In the event the then fair market value (as so
determined) of the portion of the Capital Stock, evidences of
indebtedness or other securities or non-cash assets so
distributed or of such rights or warrants applicable to one
share of Common Stock is equal to or greater than the Current
Market Price per share of the Common Stock on such record
date, in lieu of the foregoing adjustment, adequate provision
shall be made so that each Holder of a 2006 Note shall have
the right to receive upon conversion the amount of Capital
Stock, evidences of indebtedness or other securities or
non-cash assets so distributed or of such rights or warrants
such holder would have received had such Holder converted each
2006 Note on such record date. In the event that such dividend
or distribution is not so paid or made, the Conversion Price
shall again be adjusted to be the Conversion Price which would
then be in effect if such dividend or distribution had not
been declared. If the Board of Directors determines the fair
market value of any distribution for purposes of this Section
12.06(c) by reference to the actual or when issued trading
market for any securities, it must in doing so consider the
prices in such market over the same period used in computing
the Current Market Price of the Common Stock.
Upon conversion of the 2006 Notes into Common Stock,
to the extent that Company's current or any subsequent
preferred shares rights plan ("Rights Plan") is still in
effect upon such conversion, the Holders of 2006 Notes will
receive, in addition to the Common Stock, the rights described
therein (whether or not the rights have separated from the
Common Stock at the time of conversion), subject to the
limitations set forth in the Rights Plan. Any distribution of
rights or warrants pursuant to a Rights Plan complying with
the requirements set forth in the
18
immediately preceding sentence of this paragraph shall not
constitute a distribution of rights or warrants pursuant to
this Section 12.06(c).
Rights or warrants distributed by the Company to all
holders of Common Stock entitling the holders thereof to
subscribe for or purchase shares of the Company's Capital
Stock (either initially or under certain circumstances), which
rights or warrants, until the occurrence of a specified event
or events ("Trigger Event"): (i) are deemed to be transferred
with such shares of Common Stock; (ii) are not exercisable;
and (iii) are also issued in respect of future issuances of
Common Stock, shall be deemed not to have been distributed for
purposes of this Section 12.06 (and no adjustment to the
Conversion Price under this Section 12.06 will be required)
until the occurrence of the earliest Trigger Event, whereupon
such rights and warrants shall be deemed to have been
distributed and an appropriate adjustment (if any is required)

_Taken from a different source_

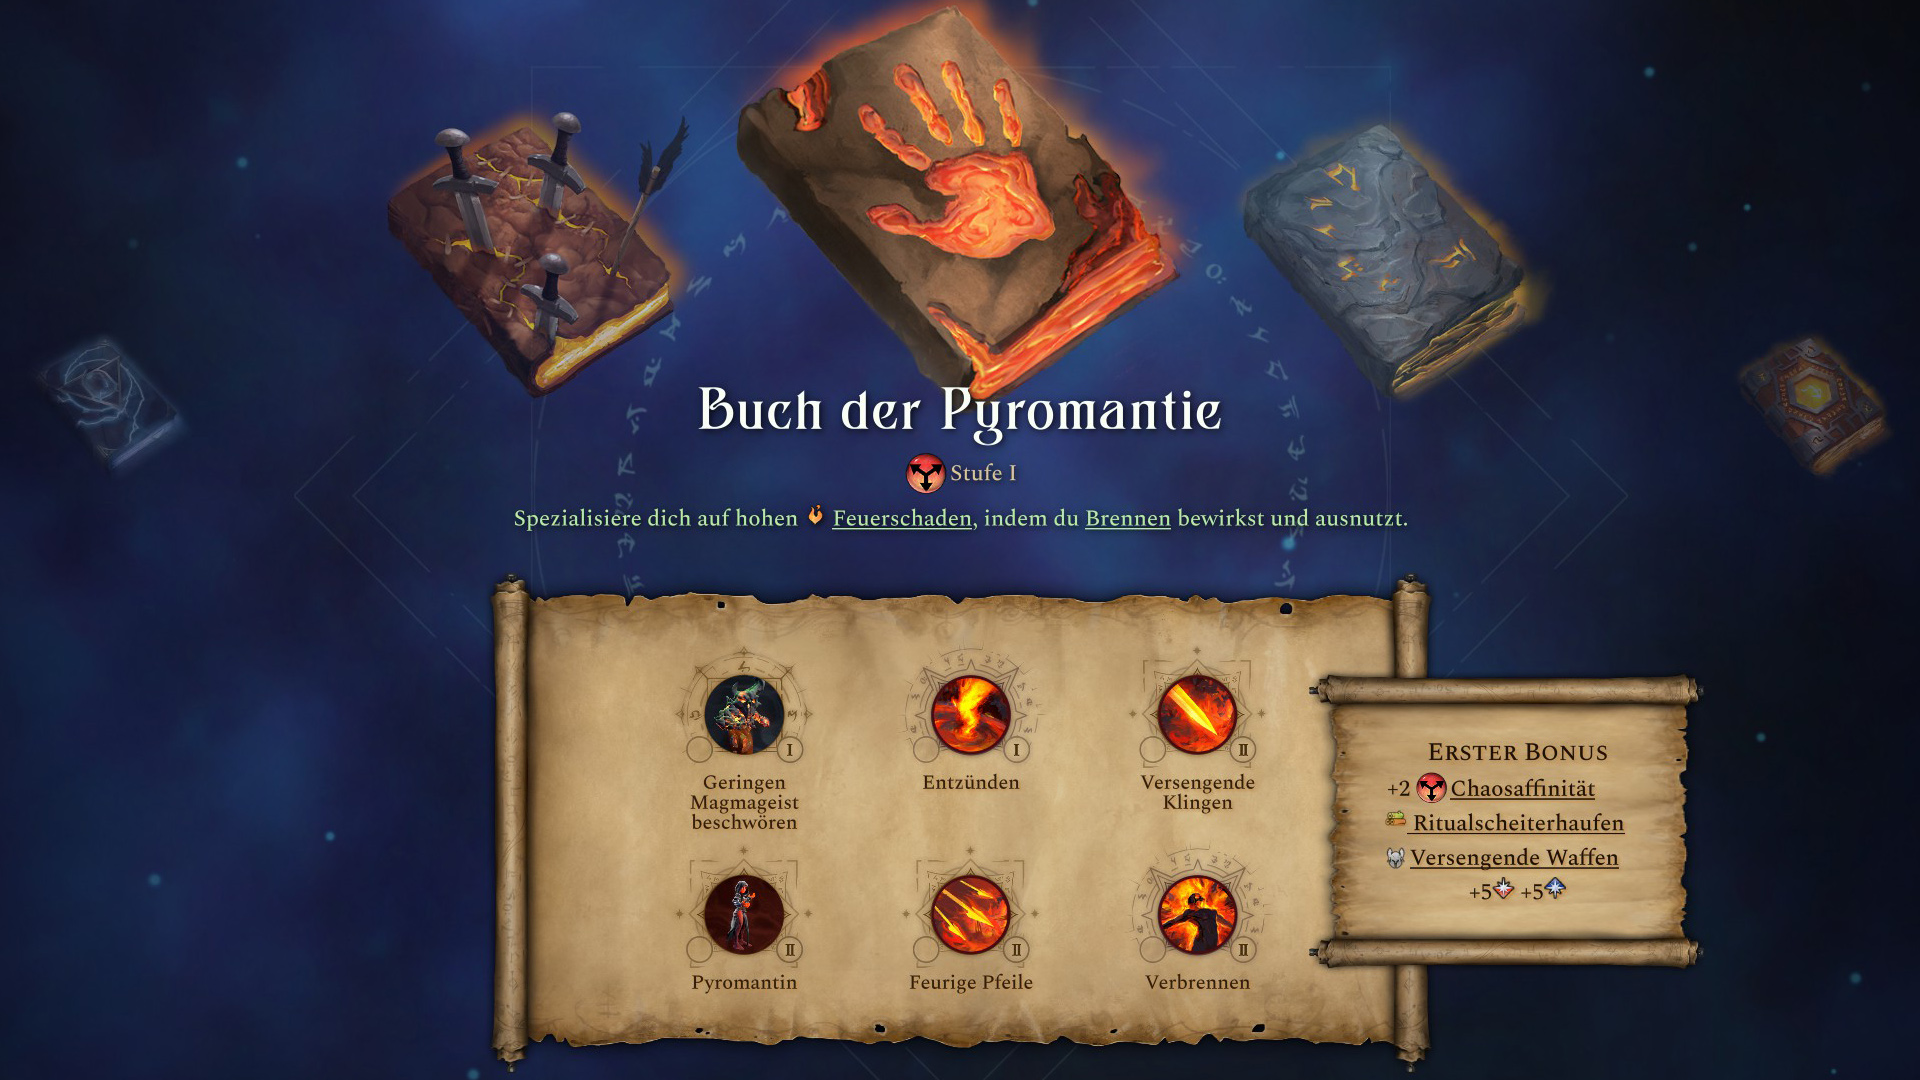 Here you can explore the magical book of pyromancy

to the Conversion Price shall be made under this Section
12.06(c). If any such right or warrant, including any such
existing rights or warrants distributed prior to the date of
this Indenture, are subject to events, upon the occurrence of
which such rights or warrants become exercisable to purchase
different securities, evidences of indebtedness or other
assets, then the date of the occurrence of any and each such
event shall be deemed to be the date of distribution and
record date with respect to new rights or warrants with such
rights (and a termination or expiration of the existing rights
or warrants without exercise by any of the holders thereof).

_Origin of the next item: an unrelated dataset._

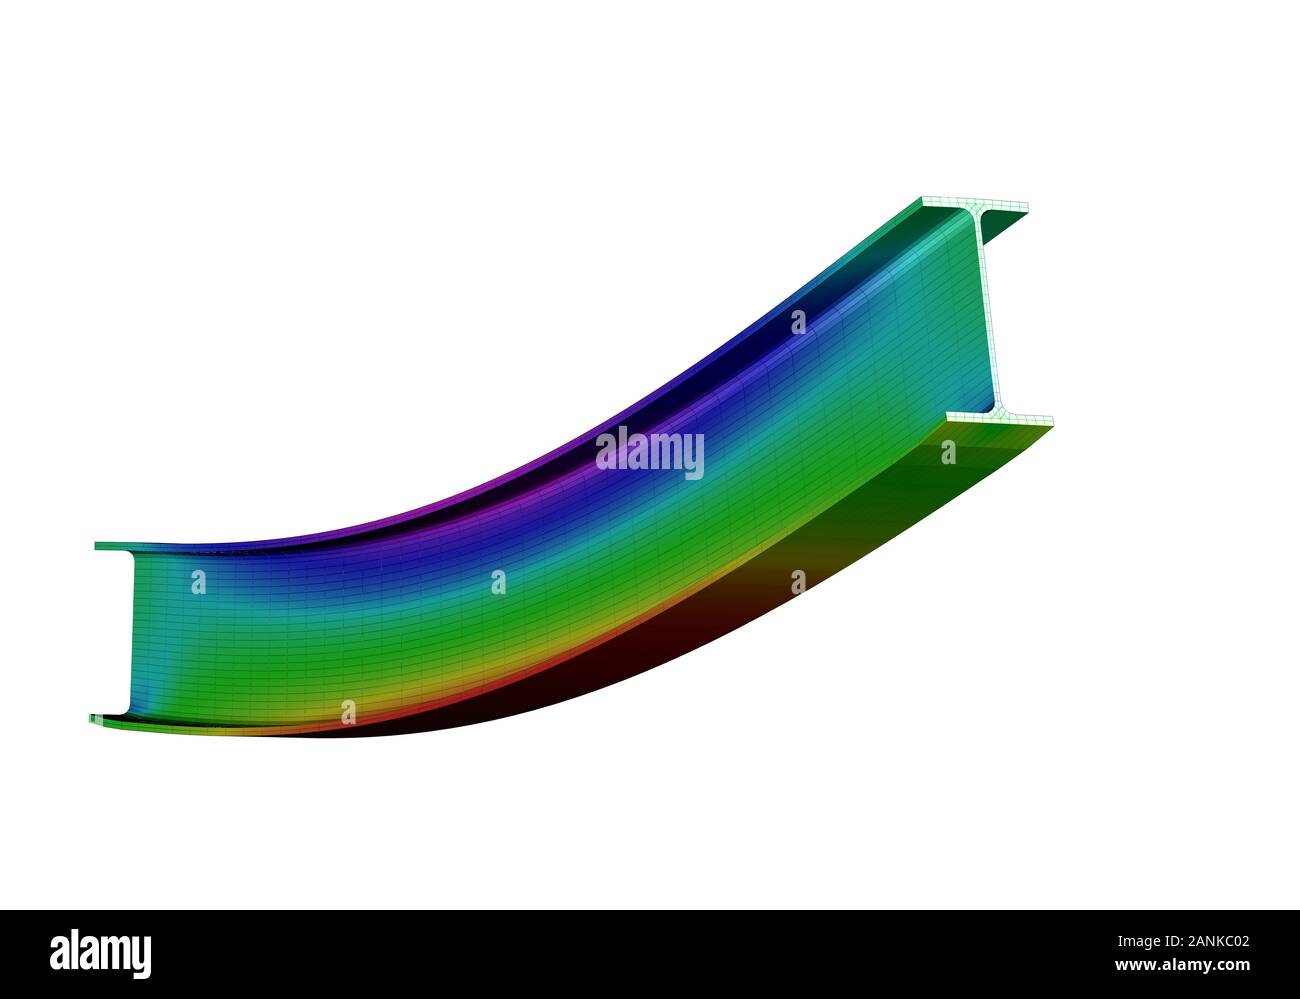 A Simple Supported I Beam 3d View Of Mesh Deformation And Plot Of Normal Stresses From Finite Element Analysis On White Backround Stock Photo Alamy

In addition, in the event of any distribution (or deemed
distribution) of rights or warrants, or any Trigger Event or
other event (of the type described in the preceding sentence)

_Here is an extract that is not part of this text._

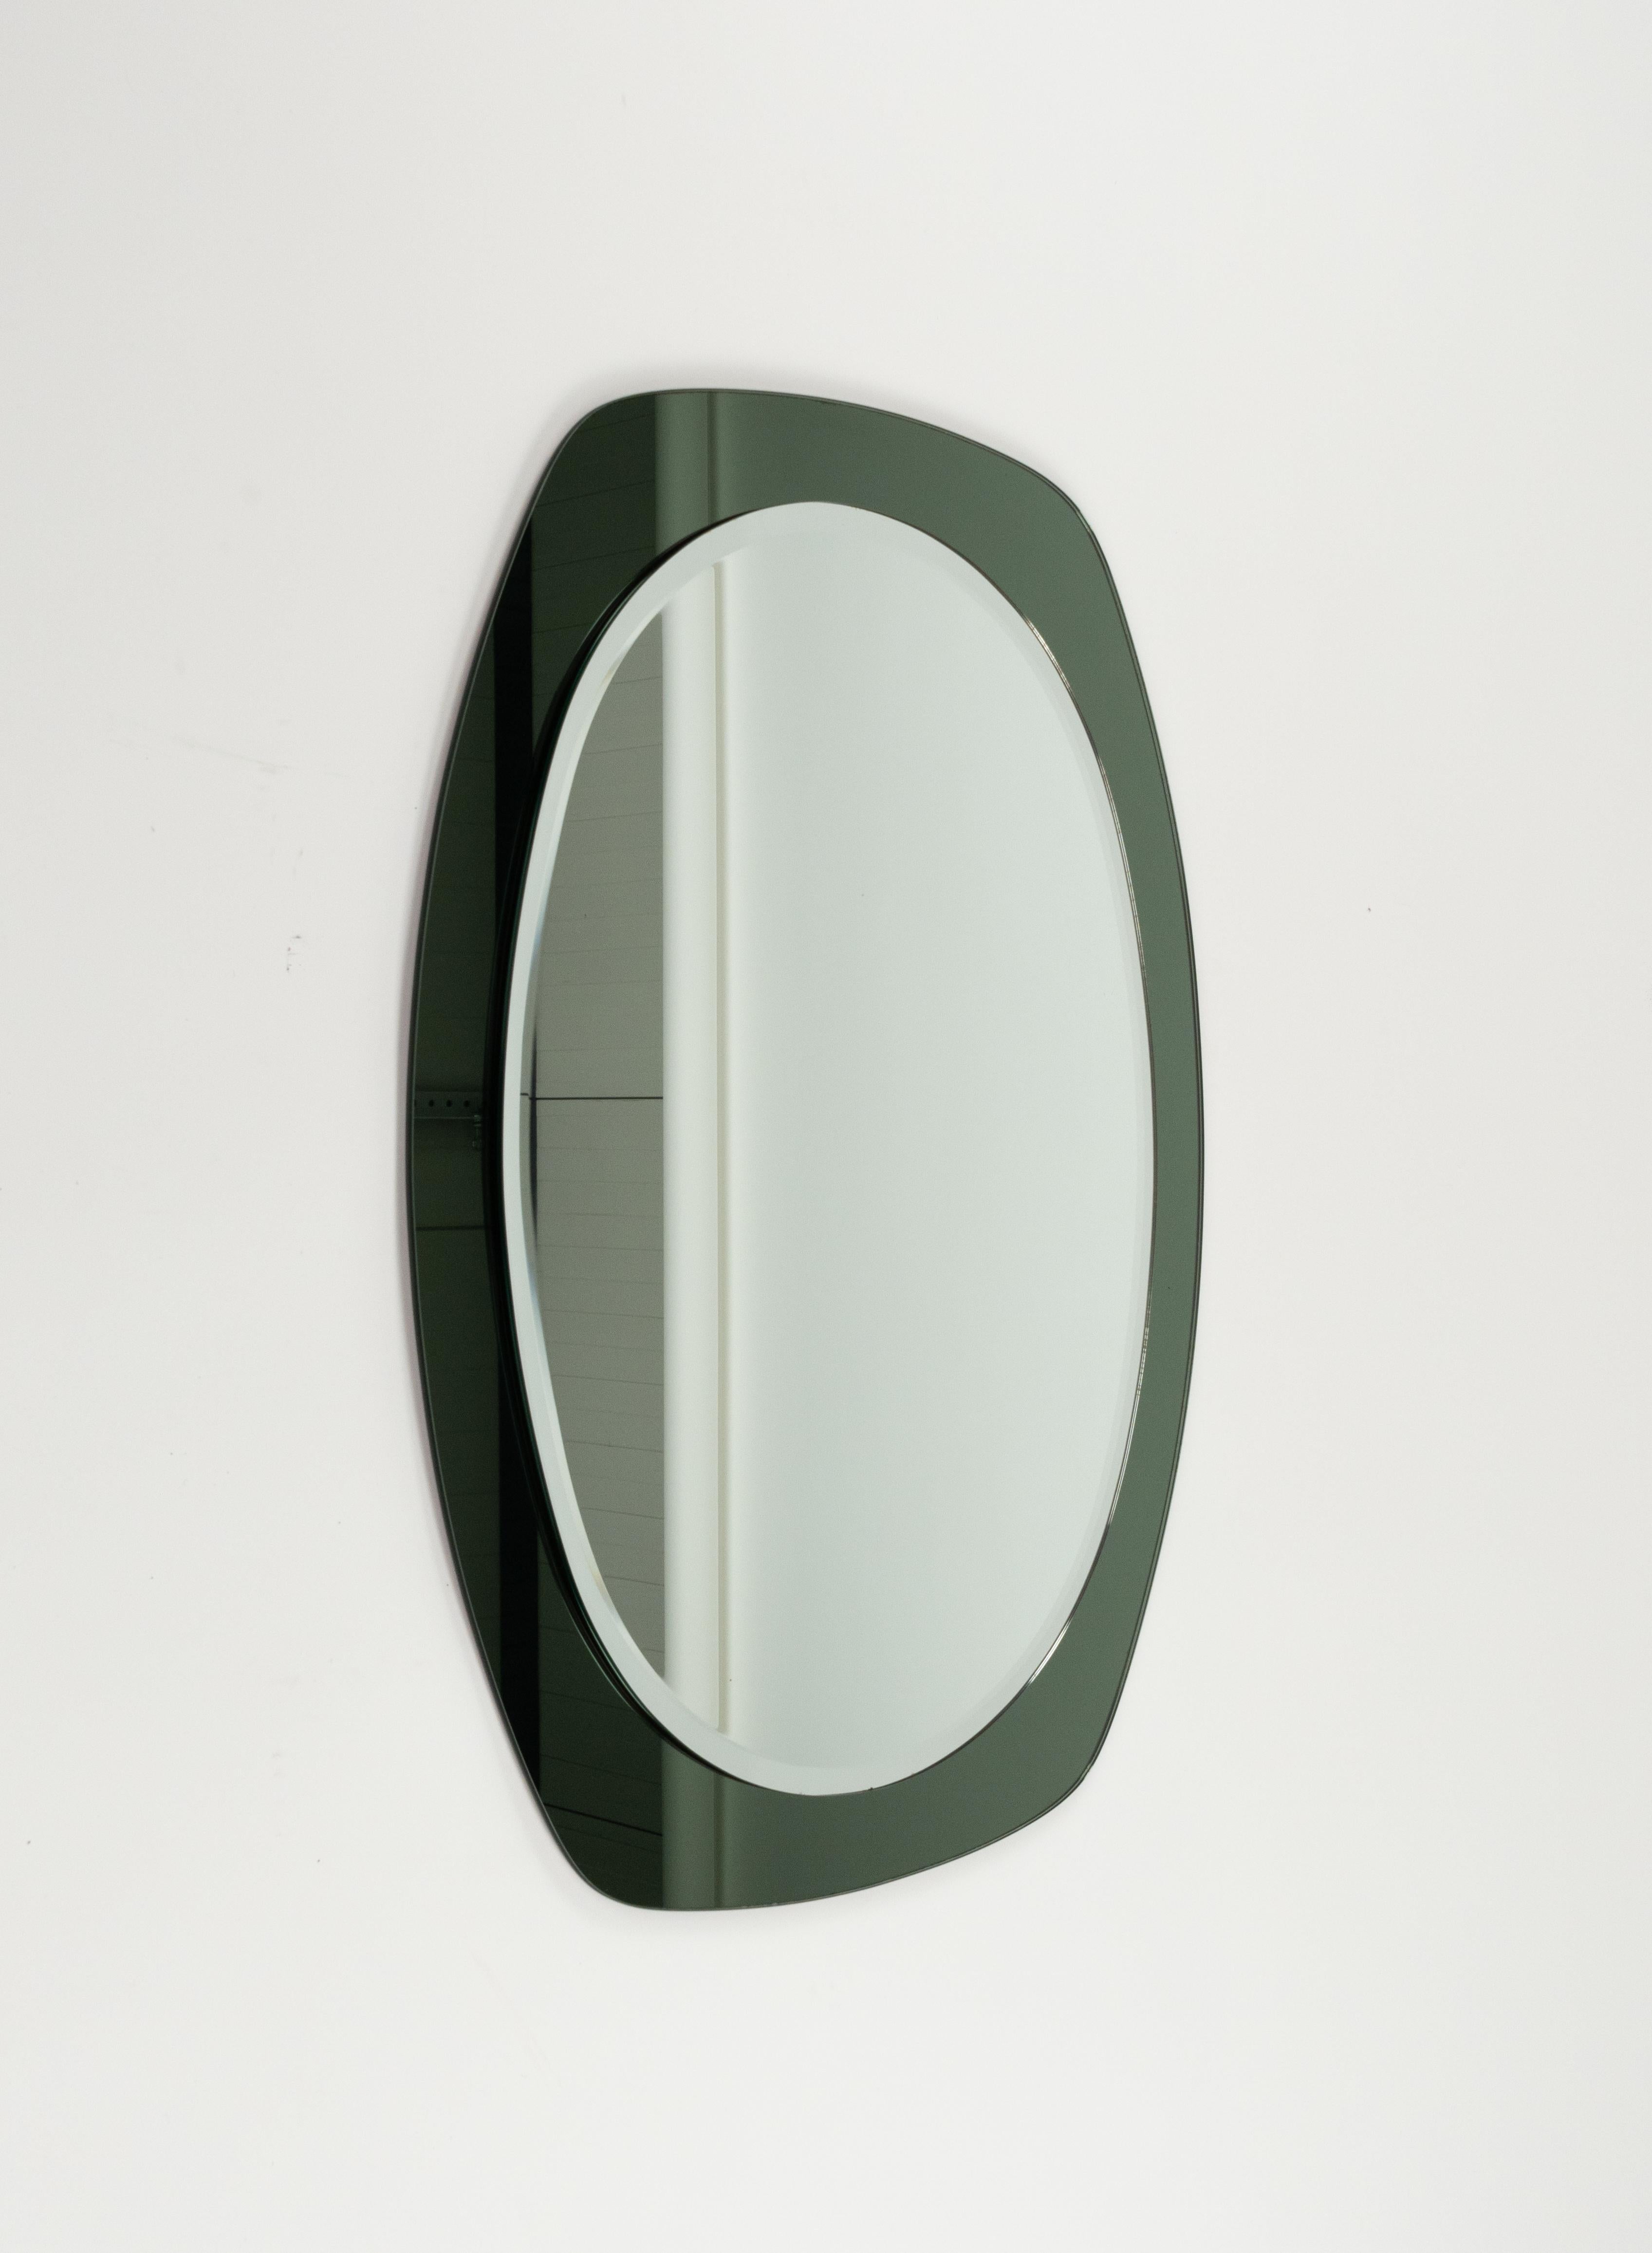 Midcentury Cristal Art Oval Wall Mirror with Green Frame, Italy 1960s For Sale 1

with respect thereto that was counted for purposes of
calculating a distribution amount for which an adjustment to
the Conversion Price under this Section 12.06 was made, (1) in
the case of any such rights or warrants which shall all have
been redeemed or repurchased without exercise by any holders
thereof, the Conversion Price shall be readjusted upon such
final redemption or repurchase to give effect to such
distribution or Trigger Event, as the case may be, as though
it were a cash distribution, equal to the per share redemption
or repurchase price received by a holder or holders of Common
Stock with respect to such rights or warrants (assuming such
holder had retained such rights or warrants), made to all
holders of Common Stock as of the date of such redemption or
repurchase, and (2) in the case of such rights or warrants
which shall have expired or been terminated without exercise
by any holders thereof, the Conversion Price shall be
readjusted as if such rights and warrants had not been issued.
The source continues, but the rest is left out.